# replica lake trout artist wanted



## fishin'magician' (Mar 2, 2005)

I have many shots of a Lake Trout my grand father took with me last week, I want to surprise him with a replica of his fish. I am looking for a good artist that would be interested in a barter for a charter on Lake Michigan out of Ludington.


----------



## DFJISH (Mar 30, 2009)

What you really need is one who can PAINT a replica laker so it looks natural and realistic. The two I would recommend are Randy Budzynski (Lansing) and Paul Borkowski (Grand Rapids). Painting a lake trout blank so it looks alive is a daunting task that very few have the ability to do. The aforementioned artists as as good as you'll find in this state. BTW...How big was that laker?
Good luck!


----------



## old professor (Oct 26, 2008)

I don't know about barter but I use Artistic Anglers out of Duluth, Minnesota for my replica monts.


----------



## RV13 (Nov 2, 2012)

I agree with DFJISH Paul and Randy are both excellent fish artists. Another guy to try out is Tom Elzinga at Nabers Taxidermy in Grand Rapids.

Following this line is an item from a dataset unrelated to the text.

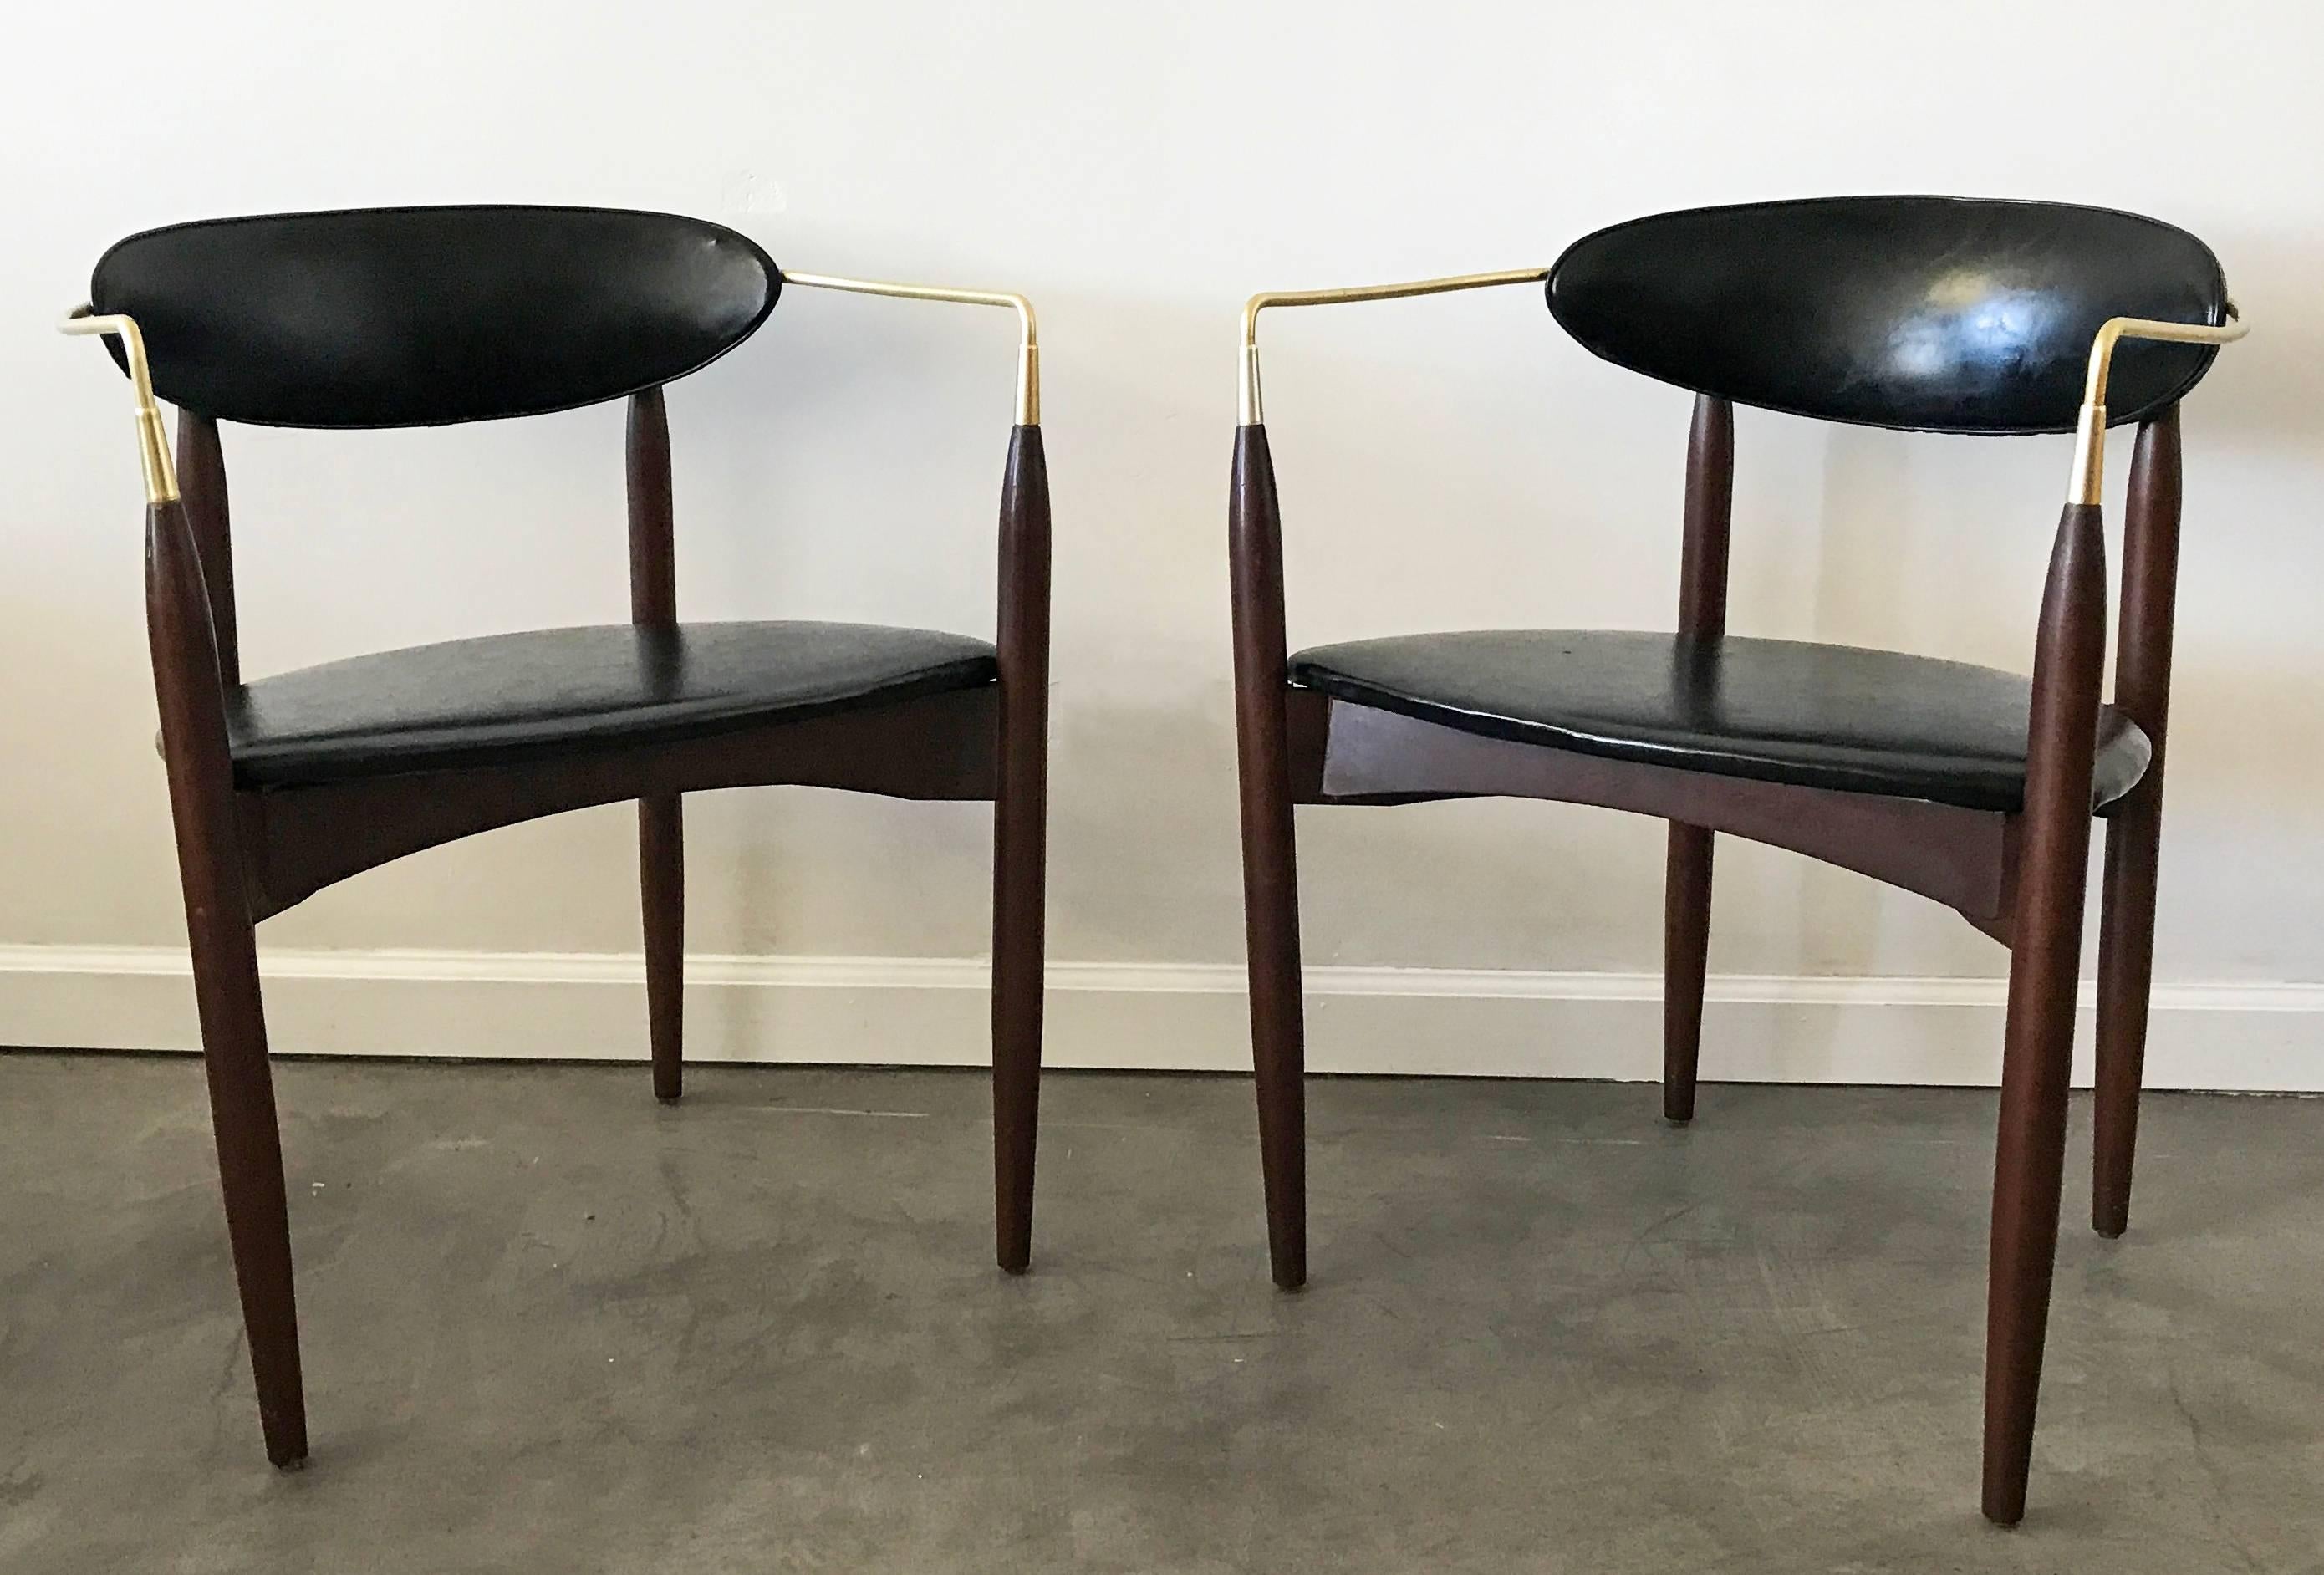 With clean lines and stunning design, these Dan Johnson Viscount chairs at a touch of Mid-Century Modern class and sophistication to every environment.

Tom does not compete like the other guys do but his work is great as well.


----------



## lastflighttaxidermy (Jul 12, 2010)

I agree with Dfjish also. Both good choices

Sent from my DROID4 using Ohub Campfire mobile app


----------



## fishin'magician' (Mar 2, 2005)

thanks guys, the fish was 38.5 inches and blasted the scale at 21.10


----------